Malheureusement, et malgré de bonnes performances, Nightmare Alley perd sur la durée en comparaison de l’adaptation de Goulding. Certaines séquences sont remises à niveau, et parfaitement mises en scène, quitte à ajouter de nouveaux éléments (détecteur de mensonges, scènes avec la psychologue) mais sont souvent moins efficaces. Bradley Cooper incarne très bien ce personnage aux grandes espérances, mais il faut dire que l’interprétation de Tyrone Power reste davantage en tête en fin de compte. Cependant, il faut souligner l’intelligence d’avoir su terminer le long-métrage, non pas sur un faux-happy ending (Goulding) mais l’accomplissement d’une tragédie du « hanged man » retranscrite plus tôt par le tarot.  L’issue est fatale, sans échappatoire, mais Stanton n’est que le malheureux premier à sombrer. Les autres, trouveront leur sort quand l’avenir le leur réservera.

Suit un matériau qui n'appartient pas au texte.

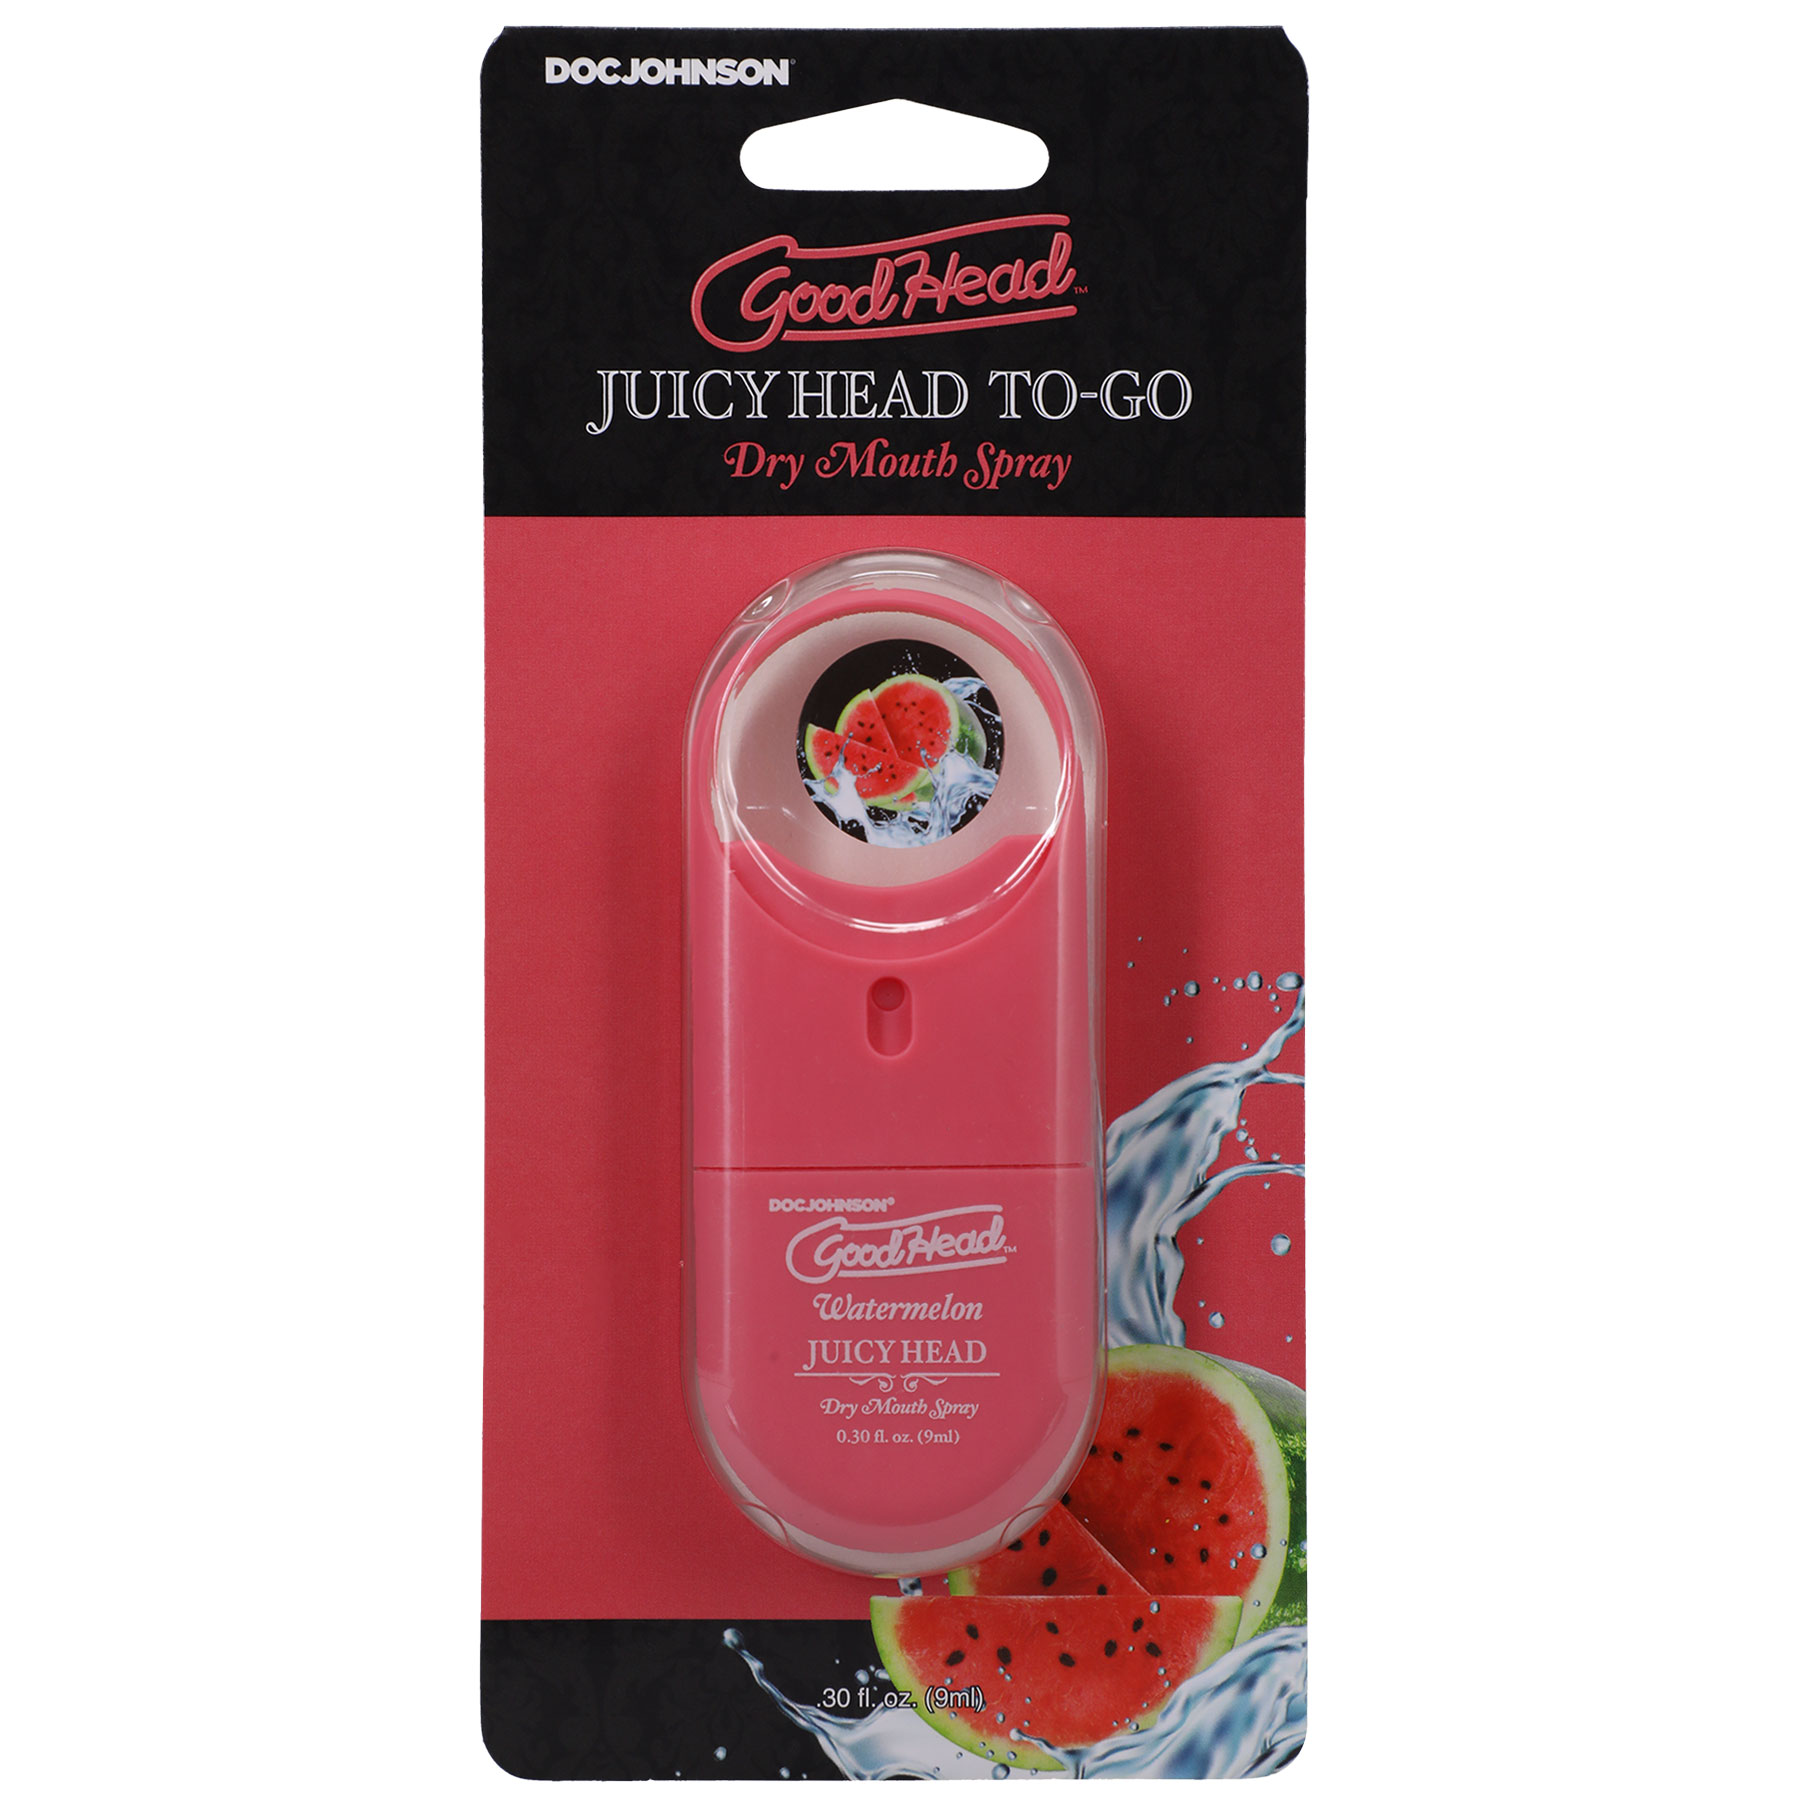 goodhead juicy head dry mouth spray to go . fl watermelon 
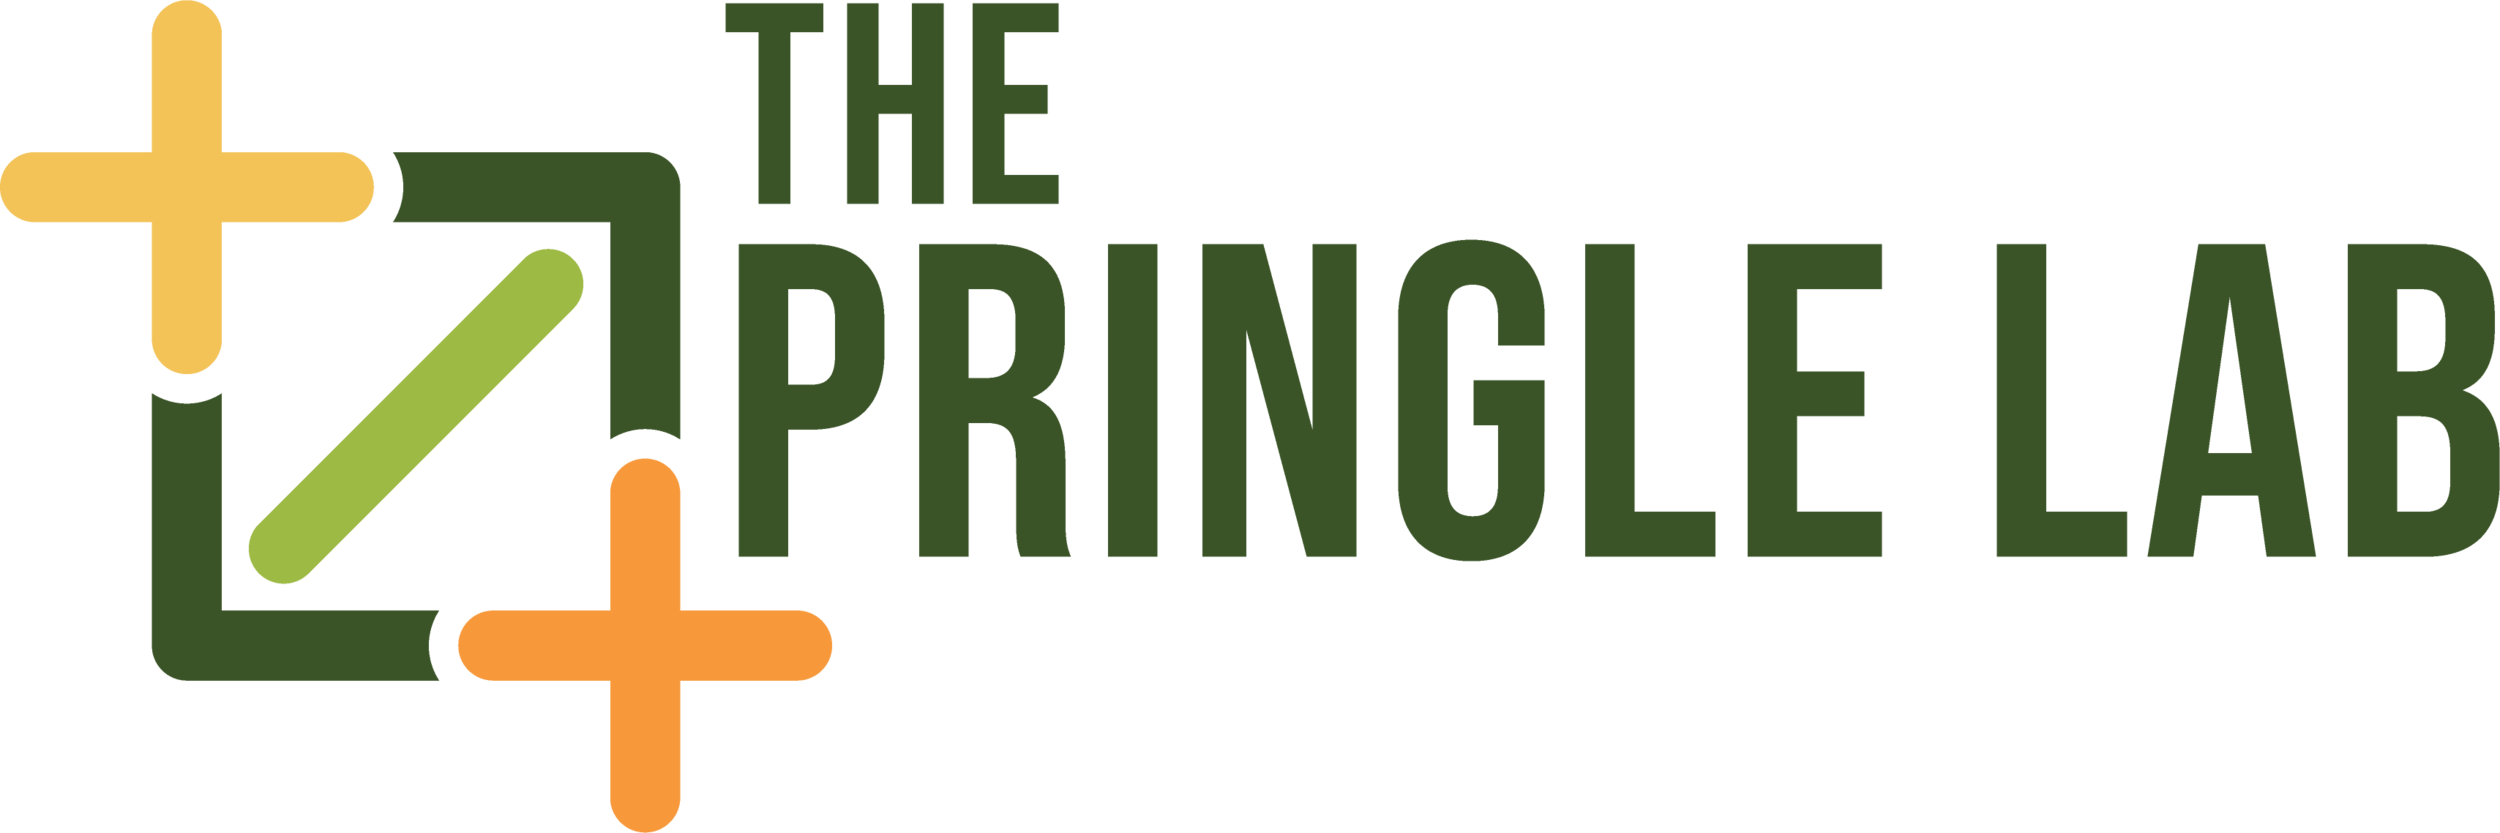 The Pringle Lab

Nightmare Alley est un beau morceau de cinéma composé par Guillermo Del Toro, rendant hommage au film noir. Malgré ses quelques longueurs, le long-métrage témoigne d’une habileté à jongler entre la déchéance d’un homme et celle d’une mascarade de cirque perpétuée de jour en jour. Les véritables monstres sont ceux qui jouent des sentiments des autres, la difformité restant de toute manière propre à tout individu. C’est une adaptation plus que respectable, indéniablement à découvrir en salles.

Note : 3.5 sur 5.

Nightmare Alley, au cinéma le 19 janvier.